Additional evolutionary factors likely contribute to these genomic patterns as well. For example, population bottlenecks may reduce genetic variation and alter the shape of the SFS (see review Thornton et al. 2007). Previous M.TB studies have investigated these effects separately in both the deep-time view of the population bottleneck and subsequent growth experienced by the host human population (Hershberg et al. 2008, Liu et al. 2018), as well as the shallow-time view of the population bottleneck and subsequent growth characterizing each novel transmission event and treatment (e.g., Trauner et al. 2017). Additionally, in fitting the left-skewed SFS, Pepperell et al. (2013) found that such a demographic history combined with a mix of both deleterious and neutrally-evolving sites produced the nearest fit to the observed SFS. Finally, given the lack of recombination in M.TB, related linkage effects (i.e., background selection (Charlesworth et al. 1993)) have similarly been discussed within these contexts (Pepperell et al. 2010; Copin et al. 2016).

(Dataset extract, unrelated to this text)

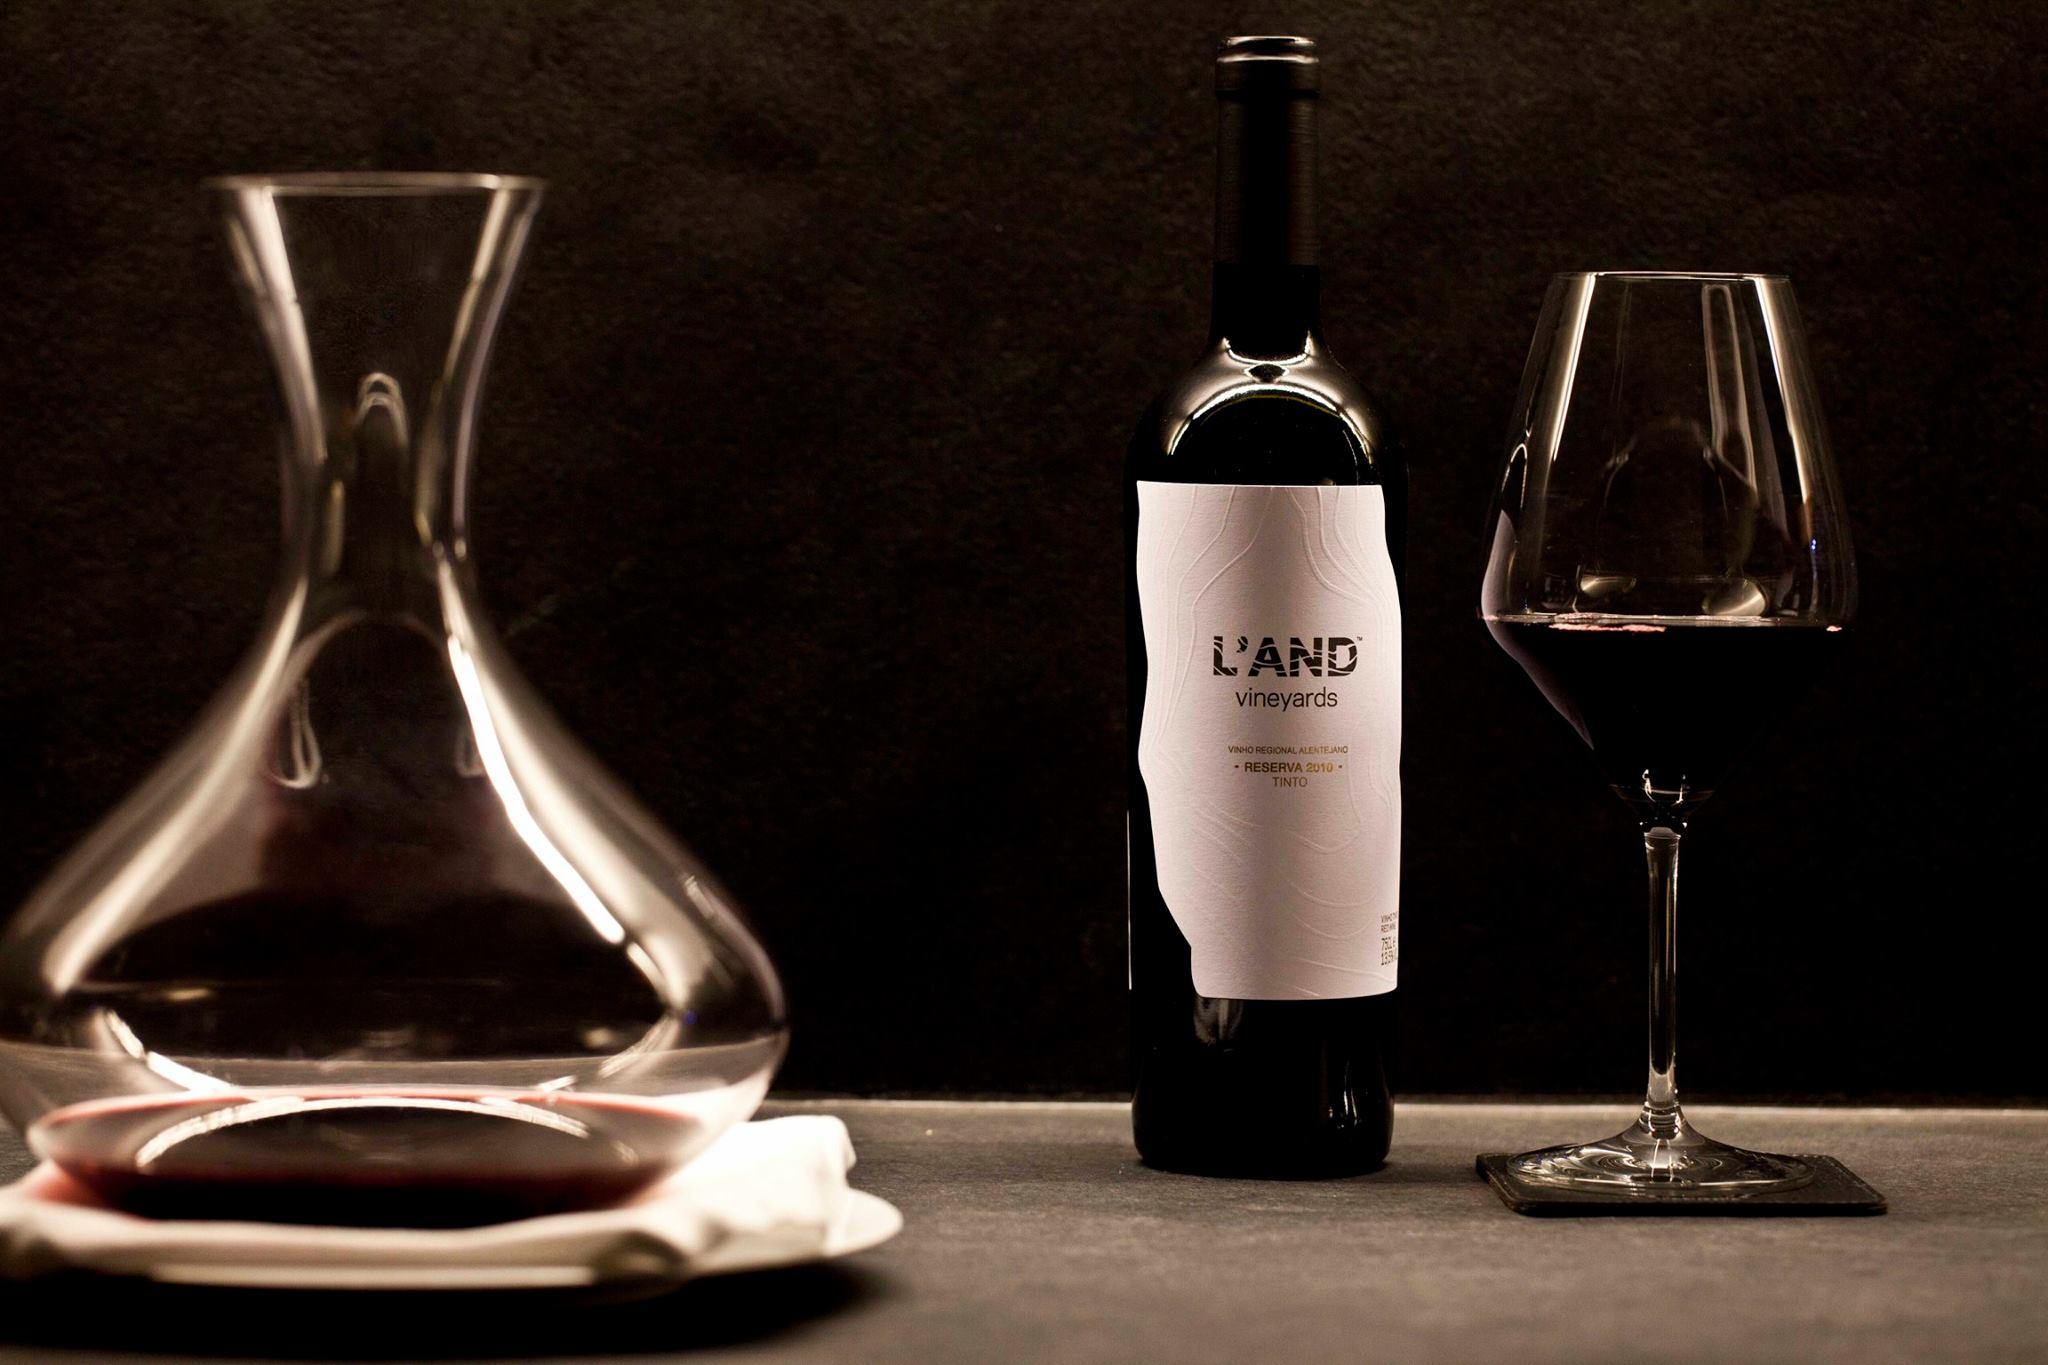 L'AND Vineyards – Assim Nasce um Vinho

While these studies have provided many important insights, there remains a relatively unexplored, though potentially highly significant, effect: clonality. Indeed, clonality and the related progeny distribution represents an important violation of commonly used evolutionary inference approaches based upon the Wright-Fisher (WF) model and the related Kingman coalescent (Eldon et al. 2006; Dos Vultos et al. 2008; Huillet et al. 2011; Lapierre et al. 2016). Specifically, progeny distributions under the WF model are Poisson distributed with a mean and variance of 1. Therefore, when an individual produces many offspring, far in excess of simple replacement in the next generation, the assumption that only two lineages coalesce at a time is violated, resulting in multiple-merger coalescent (MMC) events (see reviews of Tellier & Lemaire 2014; Irwin et al. 2016).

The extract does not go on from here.